Il ministero della Difesa russo ha anche annunciato la cancellazione dell’accordo di cooperazione sui cieli del Paese, un “telefono rosso” inteso a evitare incidenti tra velivoli. Una simile misura era già stata presa in aprile in occasione di un attacco missilistico americano alla base di Damasco a Shayrat, origine di offensive con gas nervino contro la popolazione civile di aree controllate dalle forze in lotta contro Isis ma ribelli ad Assad. La cooperazione era ripresa in seguito.
Non è affatto escluso che una simile de-escalation avvenga. Da Pechino, dove era in visita, il ministro degli Esteri russo Sergey Lavrov ieri ha ancora invitato tutti a «evitare azioni unilaterali» e a rispettare «la sovranità della Siria». Il Pentagono, dal quartier generale della task force anti-Isis a Bagdad, si è da parte sua limitato a riaffermare che «continuerà a condurre operazioni in Siria, fornendo copertura aerea alle forze della coalizione e ai partner sul terreno».
Il “confronto” russo-americano in Siria è però progressivamente peggiorato con l’evoluzione oggettiva della situazione sul campo, che ha visto Isis perdere terreno sotto la pressione sia della coalizione occidentale che di Assad.

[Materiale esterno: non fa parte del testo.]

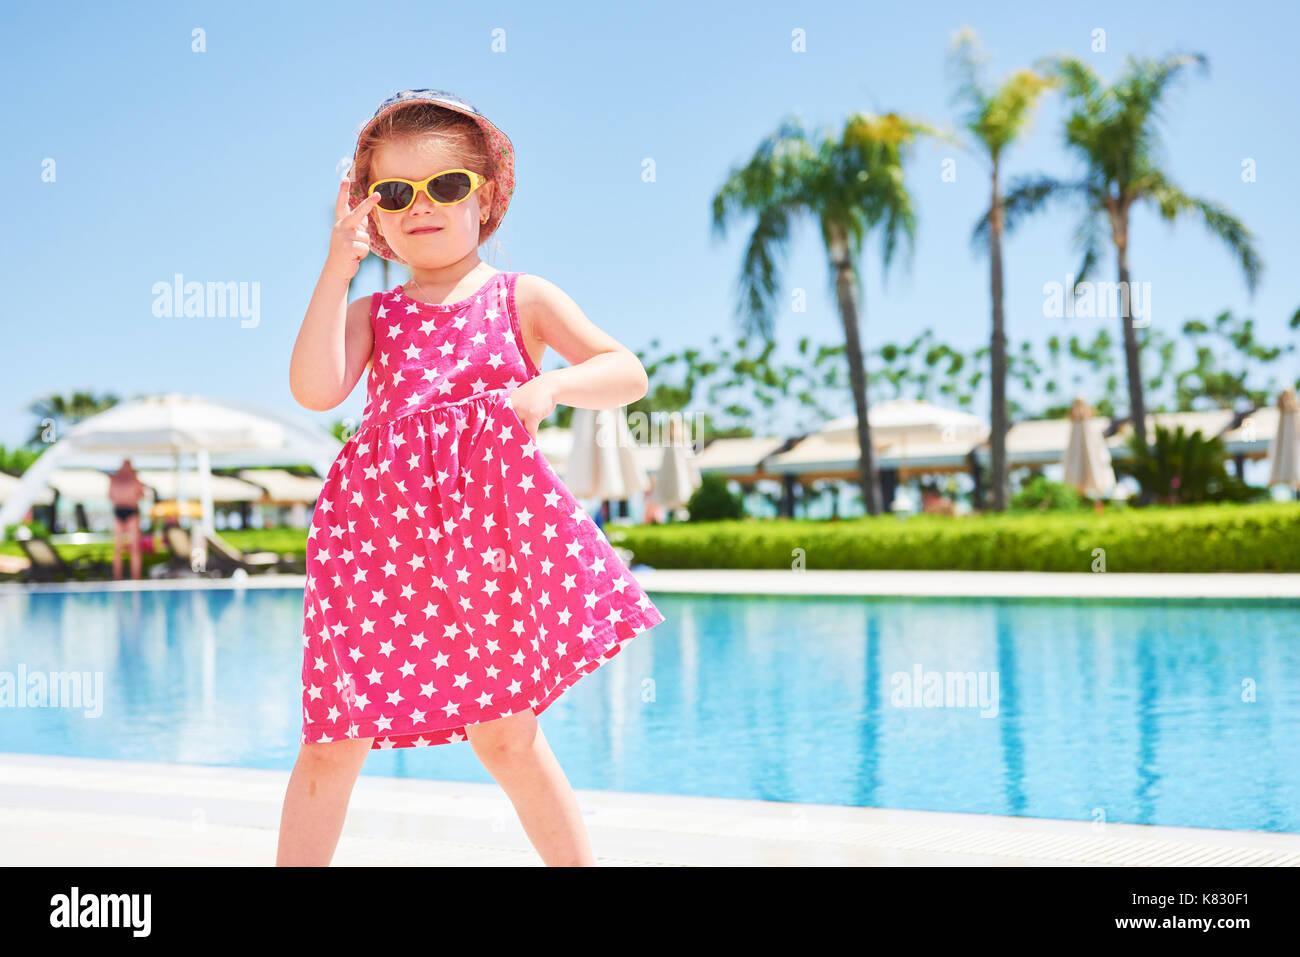 Ritratto di una ragazza felice all'aperto in estate giorno. amara dolce vita hotel di lusso. resort. tekirova-kemer. la Turchia. Immagini Stock

Le milizie delle Syrian Democratic Forces, attorno ai curdi, stanno avanzando sulla roccaforte di Raqqa; mentre le truppe di Damasco, coadiuvato da Russia e Iran, si stanno facendo strada verso la stessa Raqqa da Aleppo.
Più ancora, in questo clima, la nuova escalation della tensione ha sollevato pesanti interrogativi sulla chiarezza della strategia americana nell'intera regione. La Siria non è il solo focolaio di seria confusione e rischi per una politica estera dell’amministrazione di Donald Trump sospettata dai critici di essere troppo improvvisata e incoerente.
Nel vicino Afghanistan la Casa Bianca è parsa abdicare ai generali del Pentagono ogni decisione sui livelli di nuove truppe da inviare nel Paese per combattere i talebani, dopo aver considerato proposte di spedire migliaia di nuovi soldati. Nel Golfo Persico non è rientrata la rottura istigata forse senza volere da Donald Trump tra Arabia Saudita e Qatar, che ha indebolito il fronte anti-errorismo.
Dal Congresso, intanto, i senatori anche della maggioranza repubblicana si affannano a riconquistare voce in capitolo sul fronte internazionale, una prerogativa ormai da anni abbandonata. Al fine di correggere i percepiti gravi scivoloni di Trump hanno organizzato viaggi e incontri per offrire rassicurazioni sulla Nato ai paesi europei. Hanno approvato leggi per nuove, più sistematiche sanzioni contro la Russia.
E hanno anche inviato moniti a Riad, scomodo alleato per via delle sue ambizioni egemoniche nell’aera e la sua versione ultra-repressiva dell’Islam, che ha visto una veduta di armi americane per 500 milioni di dollari quasi bloccata dal Congresso.